First off, prevent is not strictly a security flaw static-analysis checker. It is a static-analysis checker that checks for all sorts of defects. Some of which are directly related to security. Second, I have used prevent extensively over the past year and have found it to be an invaluable tool. It has a pretty low false positive rate and fixing the defects it finds means your code is better. On the code I work on, I find that we have a much lower defect count. But we also have pretty mature code and we really do attempt to make it as bullet proof as possible. But we still have defects.
My experience is with the C/C++ version of tool. We have also been evaluating the java version of the tool and it is good. But some of the free alternatives like findbugs are still better.
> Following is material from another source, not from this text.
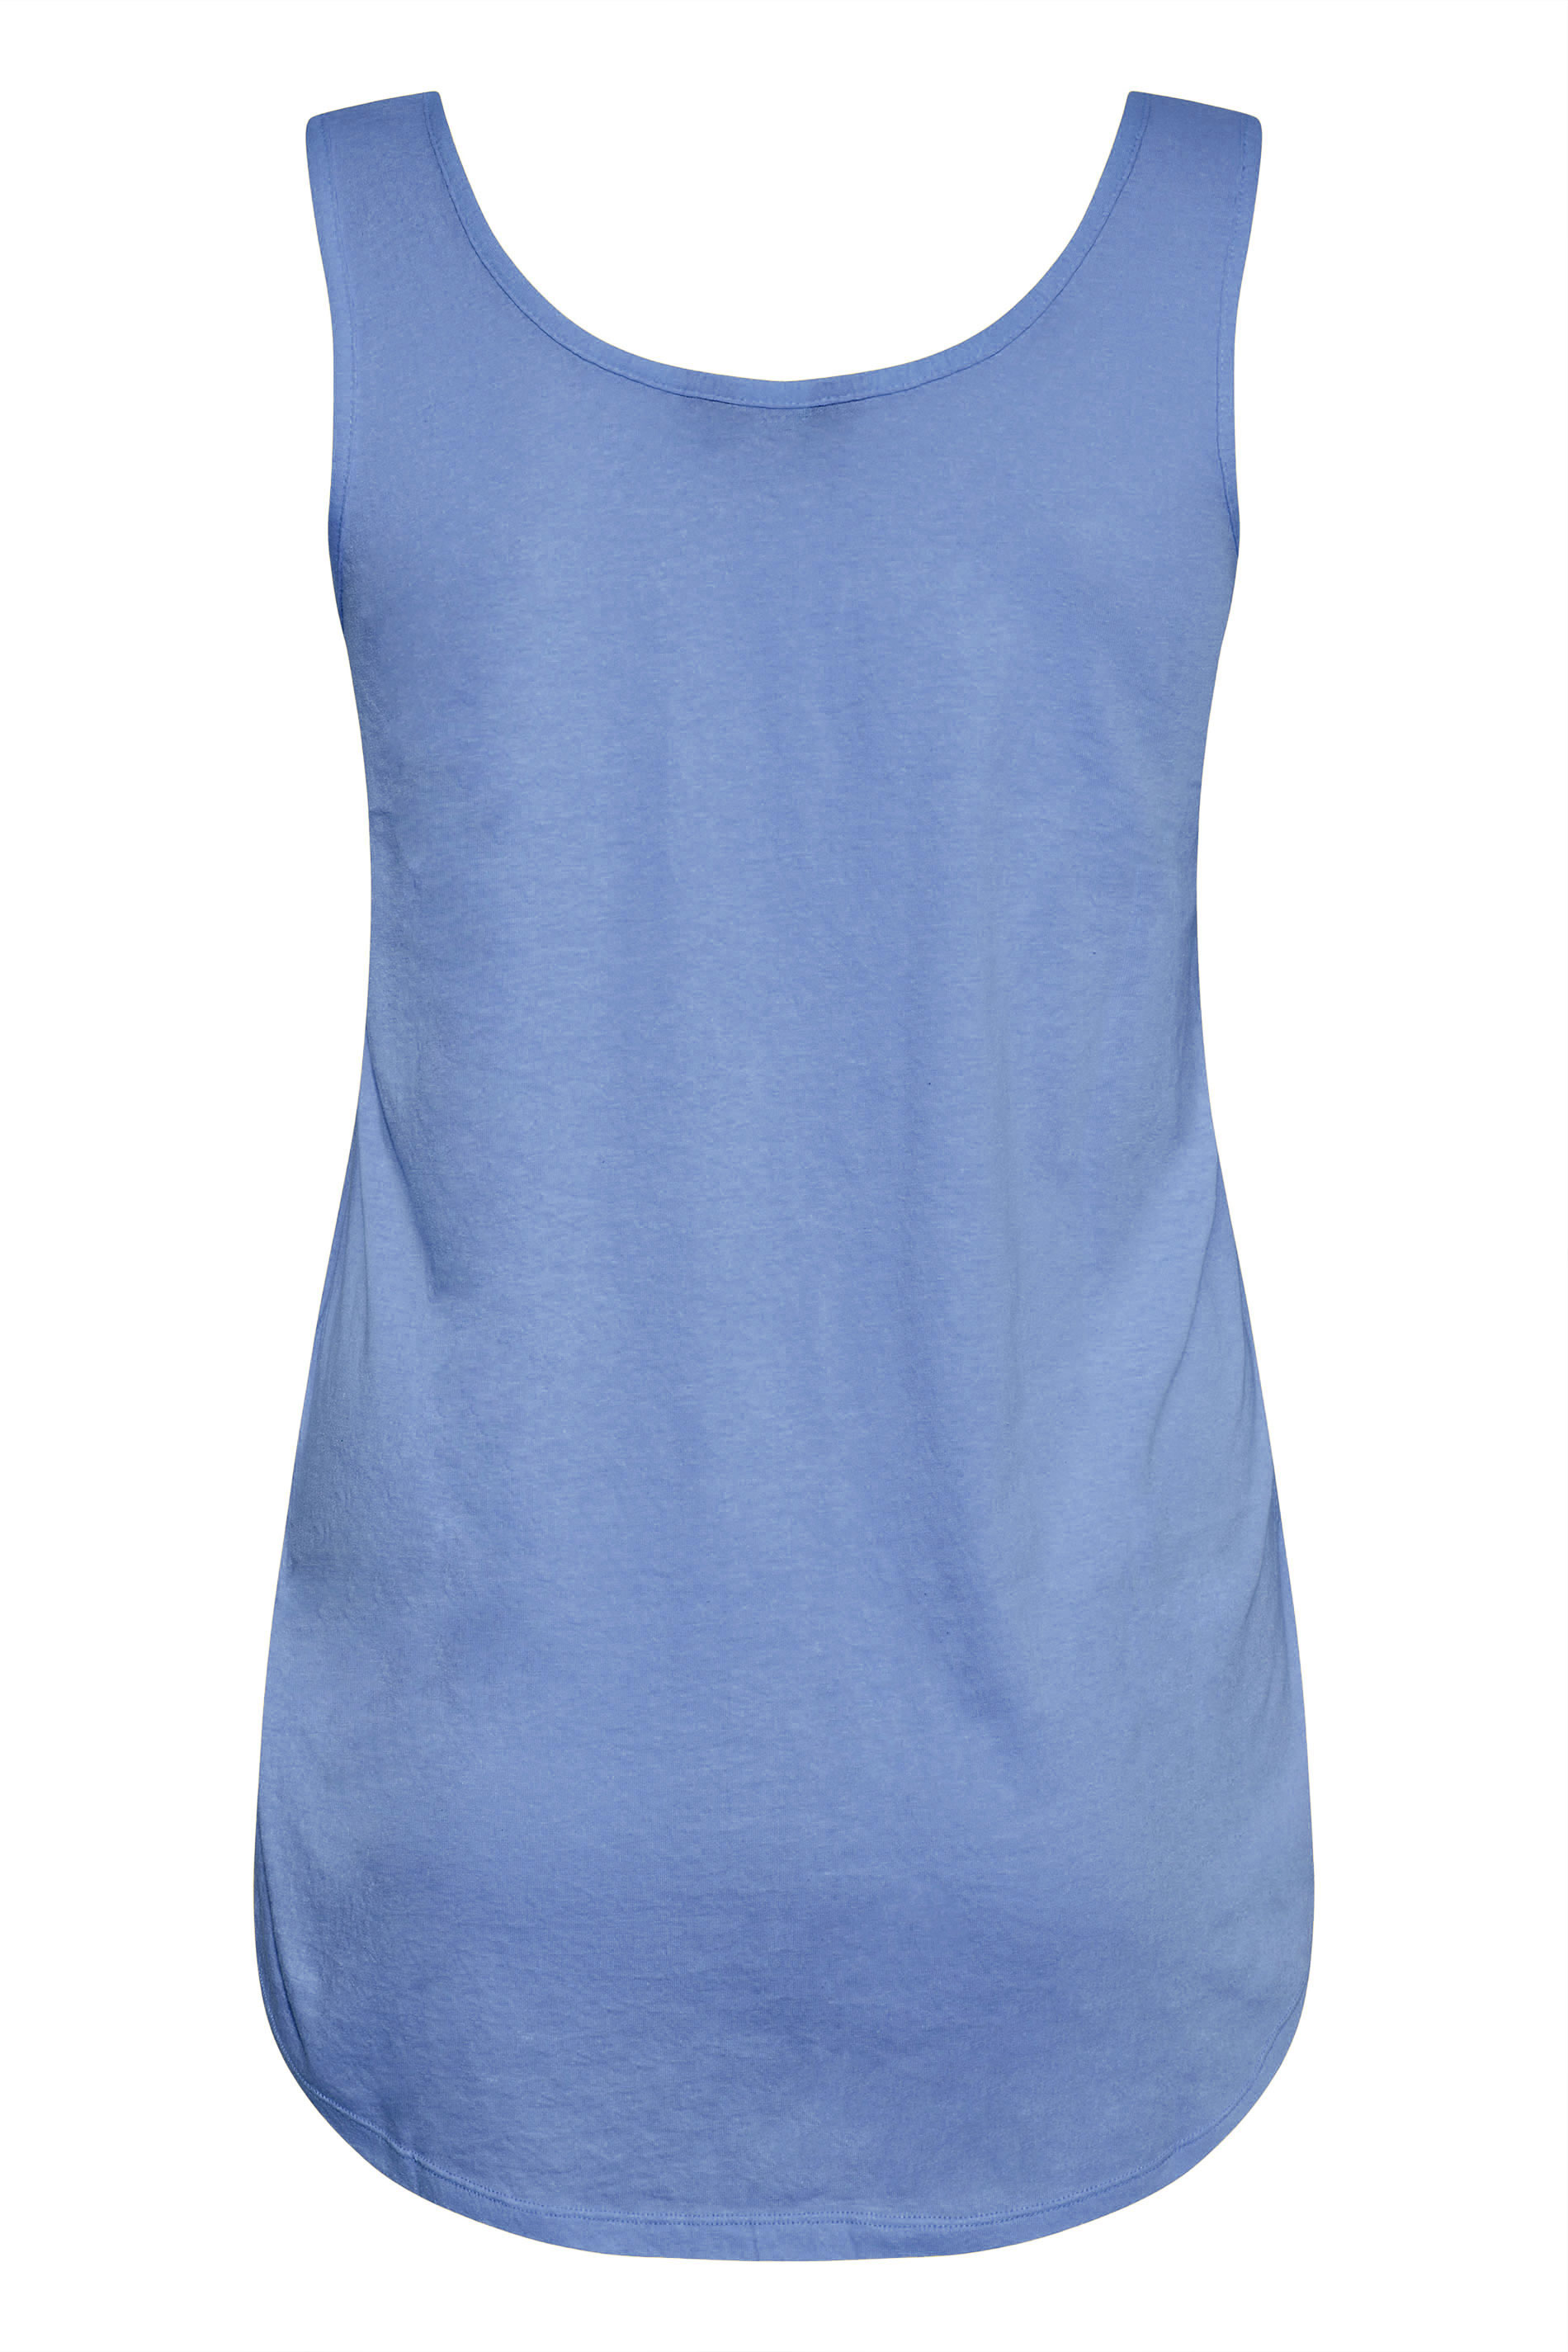 Grande taille  Tops Grande taille  T-Shirts Basiques & Débardeurs | Débardeur Bleu en Jersey - PN87365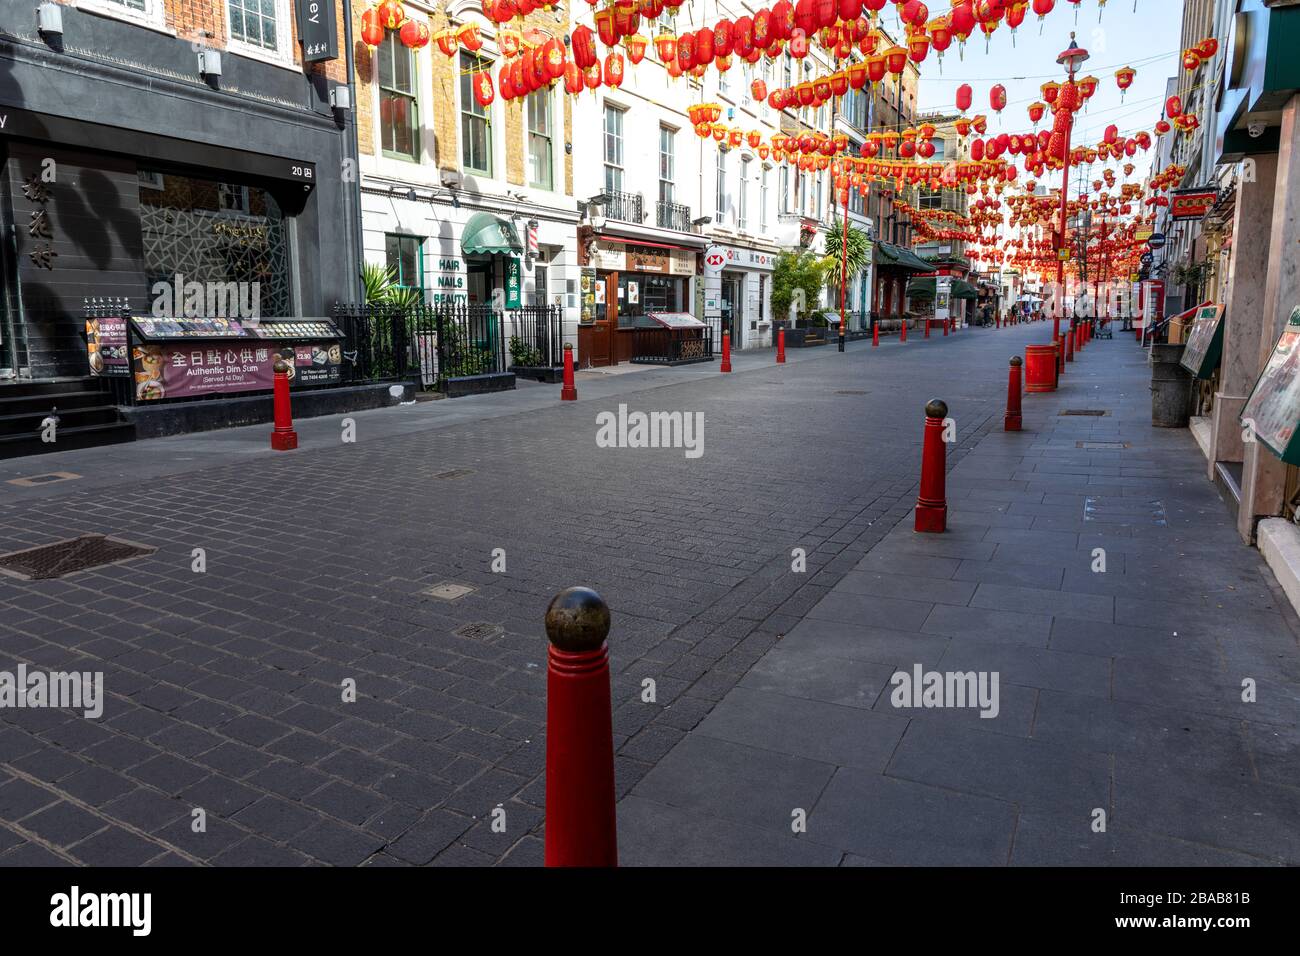 Londres - Angleterre - China Town - 21032020 - les rues vides alors que le virus Corona frappe Londres forçant de nombreuses entreprises à fermer ou à fournir un service réduit - Photographe : Brian Duffy Banque D'Images

I would use findbugs w/ prevent for java if I wanted good coverage.
"For example, MacOS and Windows had a similar number of critical security patches last year."
Willing to stipulate for the purpose of this discussion.
However, there were dozens of Windows viruses and hundreds of thousands of compromised machines, and zero MacOS viruses.
Likewise willing to stipulate.
Thus, while a certain measure of vulnerability is comparable, the likelihood of actually being attacked is infinitely highder with Windows.
I would suggest this doesn't necessarily follow. It could be. It could also be that while both fixed the same number of holes, the percentage of holes fixed was different. It could be that x holes represented 85% of the mac holes, whereas the same exact number x was only 13% of the available windows holes.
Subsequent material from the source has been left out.